Generally, the highest quality and richest structure occurs when the site publisher provides it. This can be done either through various APIs with a variety of data export formats, in which case various converters or translators to canonical RDF may be required by the consumers of that data, or in the direct provision of RDF itself. That is why the conversion of Wikipedia to RDF (done by DBPedia or System One with Wikipedia3) is so helpful.
I anticipate beyond Freebase that other sources, many public, will also become available as RDF or convertible with straightforward translators. We are at the cusp of a veritable explosion of such large-scale, high-quality RDF sources.
The next level of structure extractors are “RDFizers.” These extractors take other internal formats or metadata and convert them to RDF. Depending on the source, more or less structure may be extractable. For example, publishing a Web site with Dublin Core metadata or providing SIOC characterization for a blog (both of which I do for this blog site with available plugins, especially SIOC Plugin by Uldis Bojars or the Zotero COinS Metadata Exposer by Sean Takats), adds considerable structure automatically. For general listings of RDFizers, see my recent OpenLink review or the MIT Simile RDFizer site.
We next come to the general area of direct structure extraction, the least developed — but very exciting — area of gleaning RDF structure. There is a spectrum of challenges here.
At one end of the specturm are documents or Web sources that are published much like regular data records.
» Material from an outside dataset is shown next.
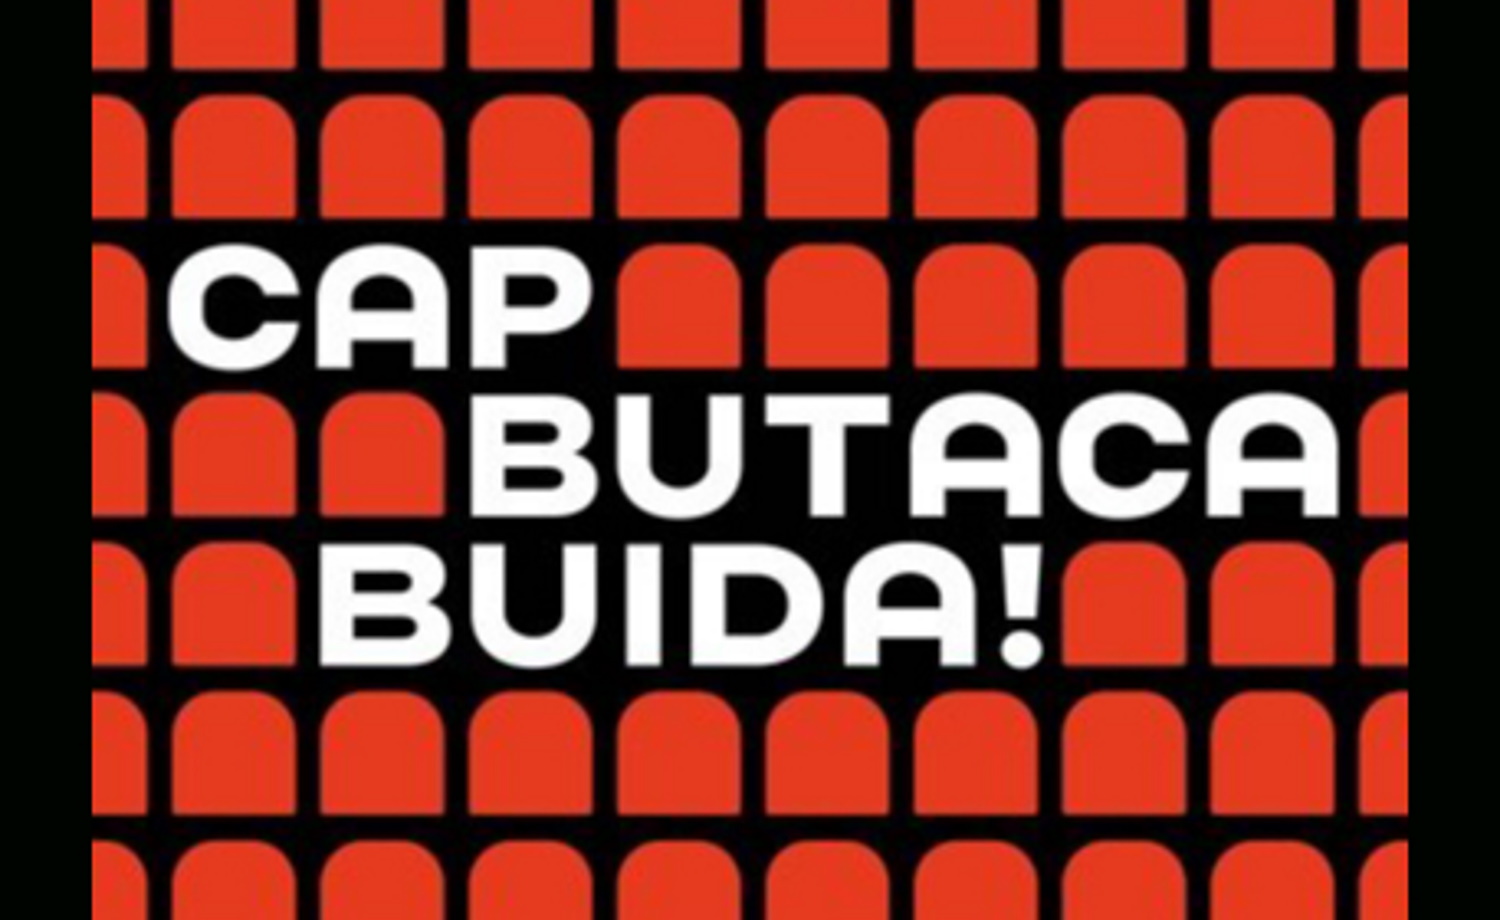 «Cap Butaca Buida» bate el récord de ocupación teatral en Cataluña

Like the ZoomInfo listing above or category-oriented sites such as Amazon, eBay or the Internet Movie Data Base (IMDb), information is already presented in a record format with labels and internal HTML structure useful for extraction purposes.
Most of the so-called Web “wrappers” or extractors (such as Zotero’s translators or the Solvent extractor associated with Simile’s Semantic Bank and Piggy Bank) evaluate a Web page’s internal DOM structure or use various regular expression filters and parsers to find and extract info from structure. It is in this manner, for example, that an ISBN number or price can be readily extracted from an Amazon book catalog listing. In general, such tools rely heavily on the partial structure within semi-structured documents for such extractions.
The most challenging type of direct structure extraction is from unstructured documents. Approaches here use a family of possible information extraction (IE) techniques including named entity extraction (proper names and places, for example), event detection, and other structural patterns such as zip codes, phone numbers or email addresses. These techniques are most often applied to standard text, but newer approaches have emerged for images, audio and video.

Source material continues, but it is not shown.